ROANOKE TIMES

                         Roanoke Times
                 Copyright (c) 1995, Landmark Communications, Inc.

DATE: TUESDAY, January 25, 1994                   TAG: 9401250188
SECTION: NATIONAL/INTERNATIONAL                    PAGE: A-1   EDITION: METRO 
SOURCE: By Boston Globe
DATELINE:                                 LENGTH: Medium


MILITARY HARDWARE TO BEGIN MISSION TO MAP THE MOON

For 25 years, the missile waited in a silo in Arkansas, ready at a moment's notice to deliver its payload of nuclear warheads to a target somewhere in the Soviet Union. Today at 8:30 a.m., its engines will roar to life after all those years and take off, but both its payload and its destination have changed.

The bombs have been replaced with a space probe equipped with cameras and scientific instruments; the new target is the moon. Its mission is to map the lunar surface, and then an asteroid, in unprecedented detail. The sword has become a plowshare.

The Titan IIG rocket, to be launched from Vandenburg Air Force Base in California, is still owned by the military, and its primary mission is still a Defense Department project.
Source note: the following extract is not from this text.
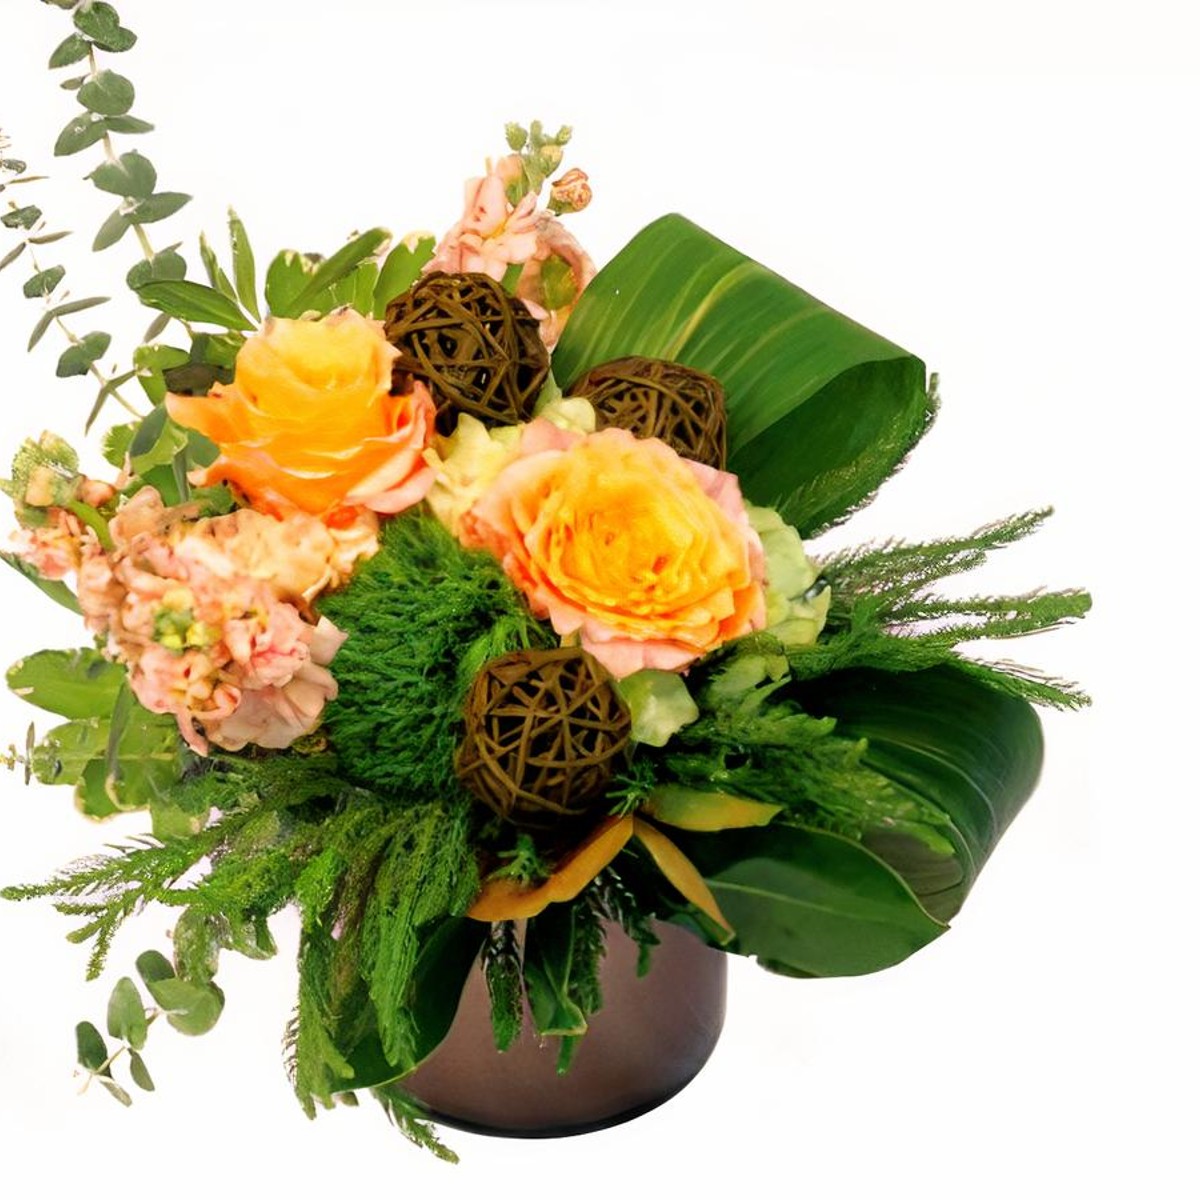 Sarahphims offers floral design services in Frisco

It is now part of a test by the Ballistic Missile Defense Organization - the new name for the "Star Wars" program - to determine the feasibility of tracking missiles from an orbit high above the Earth.
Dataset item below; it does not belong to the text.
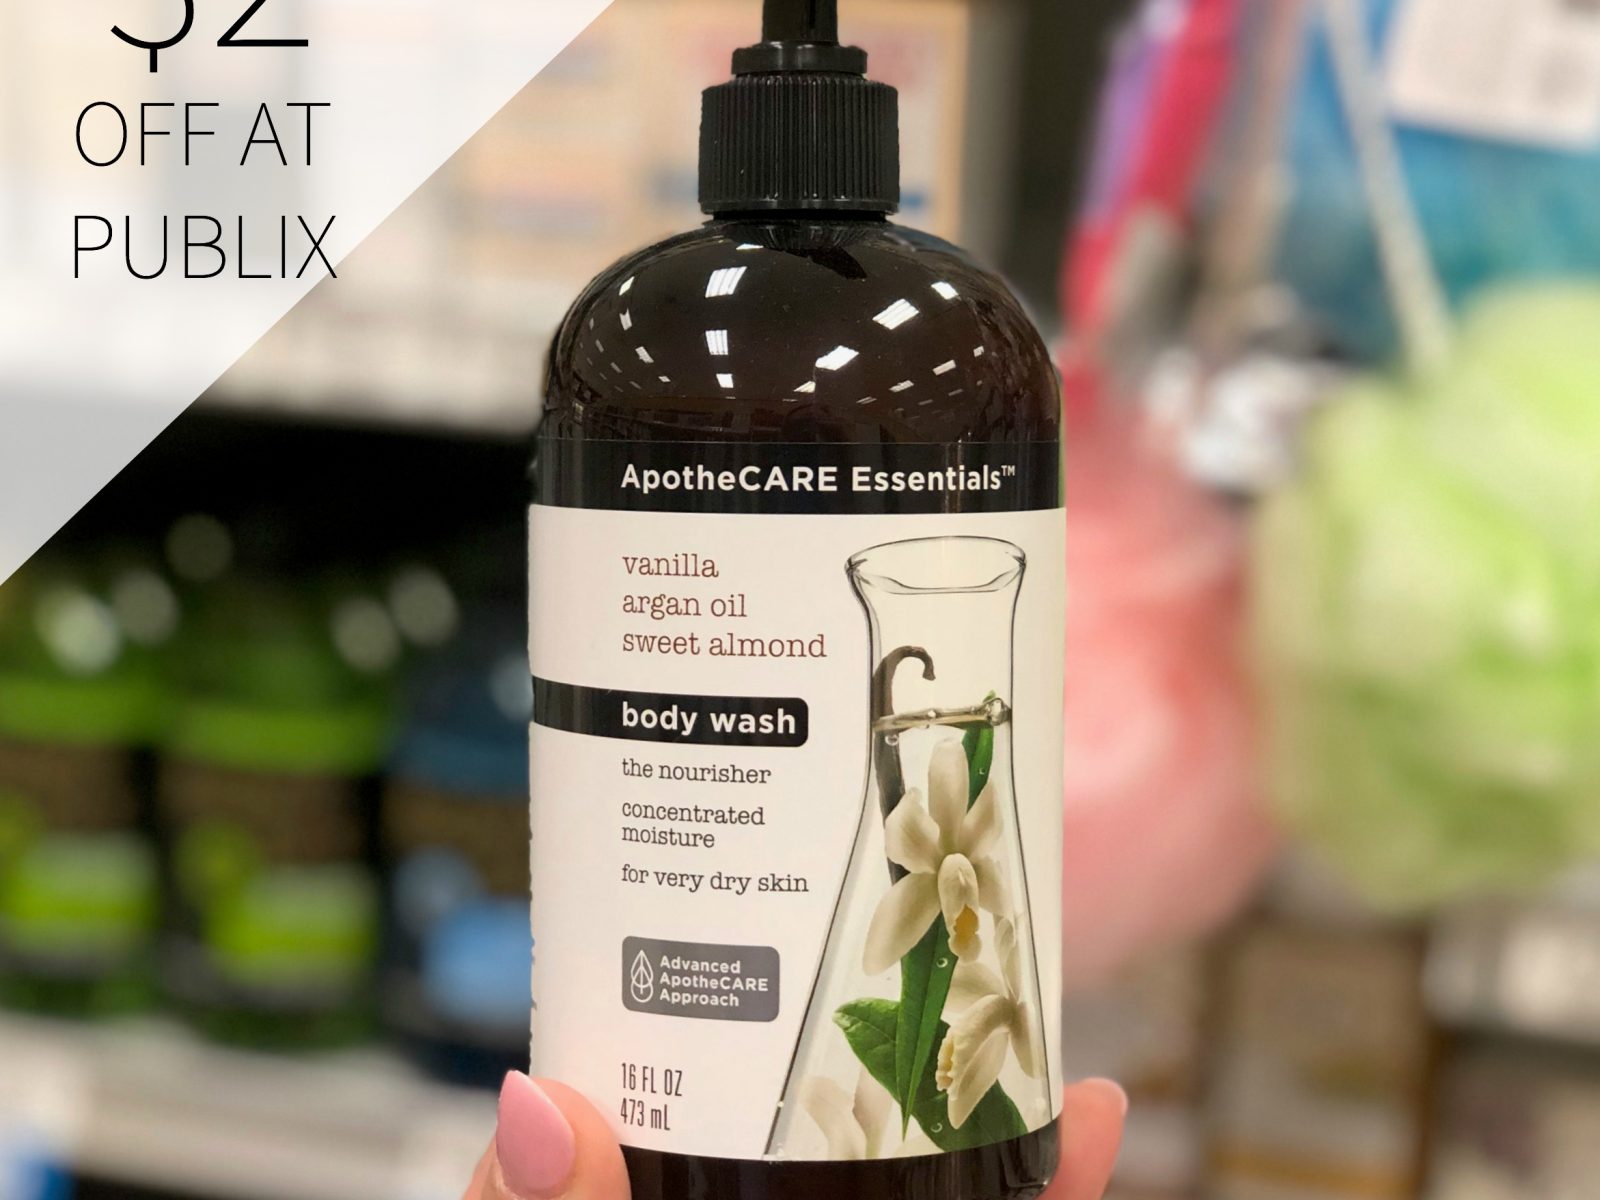 Save $2 On ApotheCARE “The Soother” Body Wash At Your Local Publix

But the project's military sponsors decided the spacecraft could also be used for scientific research, and allowed scientists, with the help of the National Aeronautics and Space Administration, to "piggyback" a series of research projects on the mission.

The project is called Clementine, because, as in the old ballad, it will eventually be "lost and gone forever." But until then, astronomers and geologists expect it to collect a wealth of information - data they have been trying to get for 20 years.

Eugene Shoemaker, a geologist and planetary specialist who is leading Clementine's science team, said the information about the moon's surface would represent "a big gain - it's a nice step beyond where we were after Apollo" and could help answer fundamental questions about the birth of the planets.

The opportunity is "basically a gift to the scientific community," he said. "It's a mission we just wouldn't have if it weren't for the military mission."

The six lunar landings of the Apollo program provided detailed information about the lunar surface at six places, and three automated Soviet sample-return missions provided rocks and soil from three other spots. But the moon has a highly varied surface, said Shoemaker, an astrogeologist with the U.S. Geological Survey who helped NASA plan the original Apollo landings. We still know relatively little about other parts of it, he said, especially the moon's far side, which is never visible from Earth.

"Imagine that you were a Martian," he said, "and you sent missions to the Earth, landed at six sites and then tried to figure out the geology of the Earth. We really haven't explored the moon in much depth."

What they learn about the moon could have many implications for Earth and other planets. "What's interesting about the moon is it preserves for us a record of those very early events" during the formation of the solar system's planets, moons, asteroids and comets "that are essentially gone on Earth," Shoemaker said.

Because of the thick Earth atmosphere that gives us winds and rain, and the violent activity of earthquakes, volcanos and moving plates of the Earth's crust, the early history of our own planet has been almost completely erased, he said, but "there it is on the moon for us to figure out," preserved on an airless, weatherless surface.

Clementine will not land. It will circle the moon for two months, taking high-resolution pictures of one strip of the lunar surface at a time as the moon slowly revolves below, gradually building up a detailed map of the entire lunar surface.